All three of the runs happened to be lucky, using, respectively, just

83%, 1.7%, and 83% of the average number of iterations (184 billion):

more precisely, 153022933873, 3111365348, 153926141900 iterations. Each

iteration took 1.68 million cycles (average; there was some variance, as

expected from the cache structure). The wall-clock times using 128 cores

were about 248 hours, 5 hours, and 250 hours. Here are the CPU times and

wall-clock times in more detail:

114454917.40user 497.65system 248:23:46elapsed 12799%CPU (0avgtext+0avgdata 15380maxresident)k

2327597.87user 21.17system 5:03:05elapsed 12799%CPU (0avgtext+0avgdata 15488maxresident)k

115167358.18user 200.05system 249:56:30elapsed 12799%CPU (0avgtext+0avgdata 15496maxresident)k

The output vectors for the three runs appear below, in the same order as

the "providers" on https://decodingchallenge.org.

It is natural to wonder whether lucky runs are actually an indication

that average iteration counts have been miscalculated. Here are three

independent ways to check the calculations.

The first is to run more experiments, meaning smaller runs for any given

CPU budget. For example, here are the iteration counts observed in

running the same code (with the same l=22, m=1, c=8) against a range of

smaller challenges from https://decodingchallenge.org:

431 3.8% 154 4060 4033

431 52.8% 2144 4060 4033

431 60.0% 2435 4060 4033

482 131.1% 18482 14101 14029

482 220.7% 31120 14101 14029

482 16.6% 2338 14101 14029

534 45.2% 5341 11820 11748

534 47.5% 5616 11820 11748

534 2.6% 302 11820 11748

587 33.2% 13600 40969 40766

587 73.6% 30168 40969 40766

587 9.6% 3937 40969 40766

640 154.1% 225989 146688 146077

640 51.2% 75132 146688 146077

640 137.4% 201604 146688 146077

695 131.9% 730398 553830 551850

695 43.9% 243069 553830 551850

695 1.1% 6030 553830 551850

751 64.3% 6500820 10111752 10087366

751 67.3% 6803082 10111752 10087366

751 134.4% 13586235 10111752 10087366

808 133.9% 55699927 41583562 41492753

808 11.4% 4748656 41583562 41492753

808 3.5% 1460929 41583562 41492753

865 60.7% 96347036 158848155 158526591

865 53.9% 85624754 158848155 158526591

865 11.6% 18492422 158848155 158526591

923 269.7% 1847405002 684909178 683634590

923 174.9% 1197860601 684909178 683634590

923 6.3% 43134954 684909178 683634590

982 35.1% 974255720 2776326652 2771487282

982 128.7% 3572455007 2776326652 2771487282

982 24.1% 668935675 2776326652 2771487282

1041 47.4% 236327577 498978858 497804860

1041 248.1% 1237981333 498978858 497804860

1041 170.7% 851782527 498978858 497804860

The first column is the dimension. The last two columns are the average

iteration counts calculated for type-1 and type-3 iterations, always

very close together. (The attack code uses type-2 iterations, which are

intermediate.) The third column is the observed iteration count for one

attack. The second column is the observed iteration count as a

percentage of the calculated average type-1 iteration count.

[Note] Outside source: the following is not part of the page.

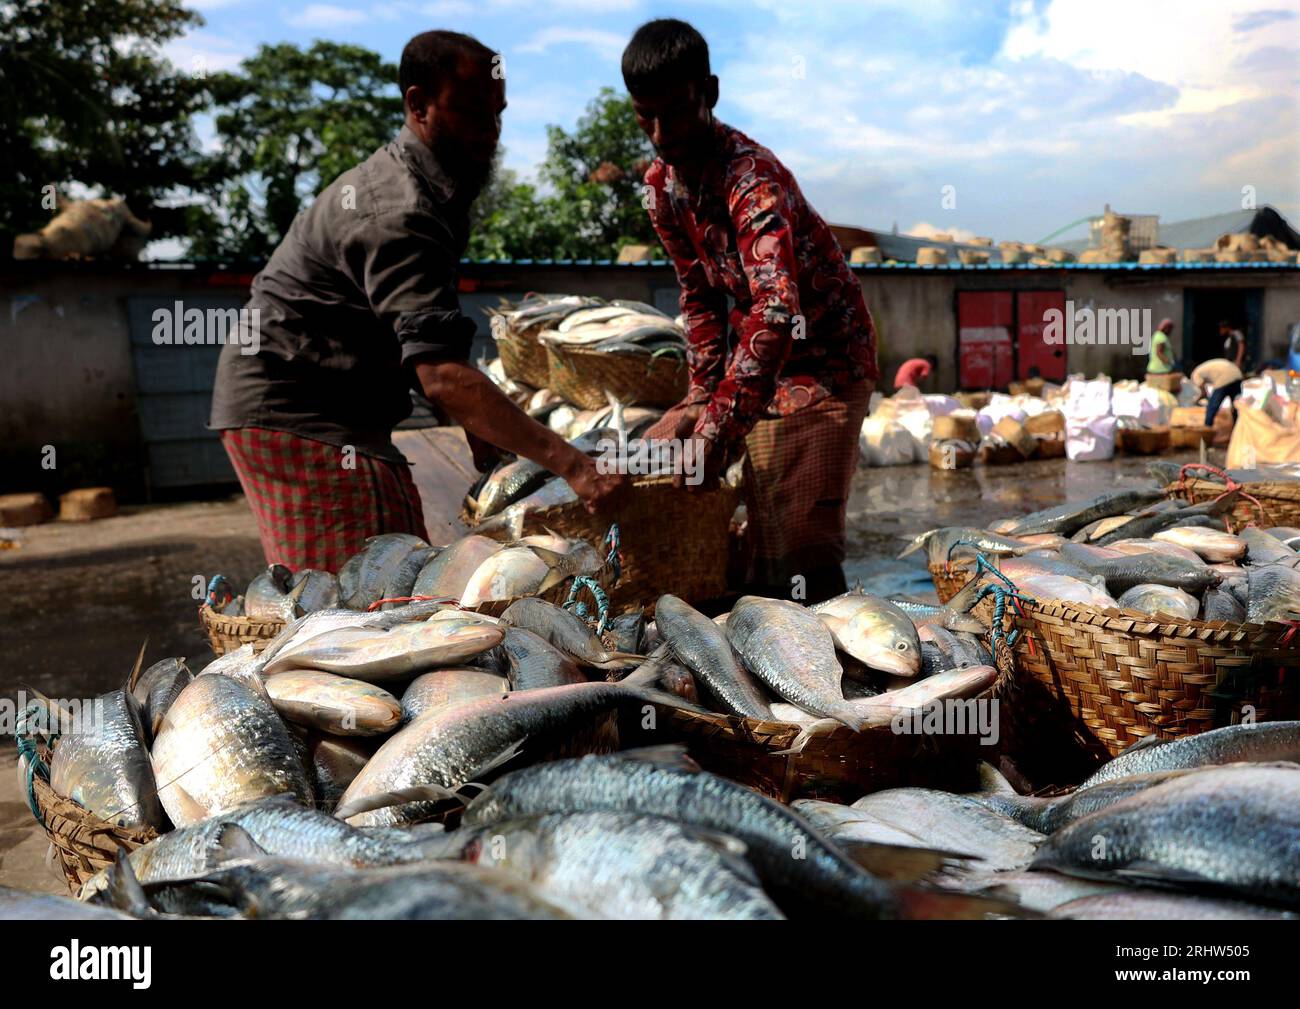 Chittagong, Fischerei Ghat, Bangladesch. Aug. 2023. August 2023. Chittagong, Bangladesch: Der Großhandelsmarkt für die Fischerei in Chittagong, Bangladesch, hat sich während der Hilsa-Fischsaison angesammelt. Der nationale Fisch von Bangladesch, hilsa, wird an Einzelhändler verkauft, nachdem er aus dem Meer gewonnen wurde. Die Fischer freuen sich, mehr Hilsa im Meer zu finden. (Bild: © Mohammed Shajahan/ZUMA Press Wire) NUR REDAKTIONELLE VERWENDUNG! Nicht für kommerzielle ZWECKE! Stockfoto

A graph of this distribution of percentages shows no evident anomalies

compared to graphs of percentages sampled from the calculated

distribution. The usual statistics do not show surprising p-values. One

can, of course, carry out many more experiments to pin down the

experimental average to within, e.g., 1% and check for a match with the

calculated average. The 2008 paper already reported doing this across

millions of experiments for small sizes.

The second way to check the calculations is to review the calculation

software, including (1) the formulas and (2) examples checked by hand.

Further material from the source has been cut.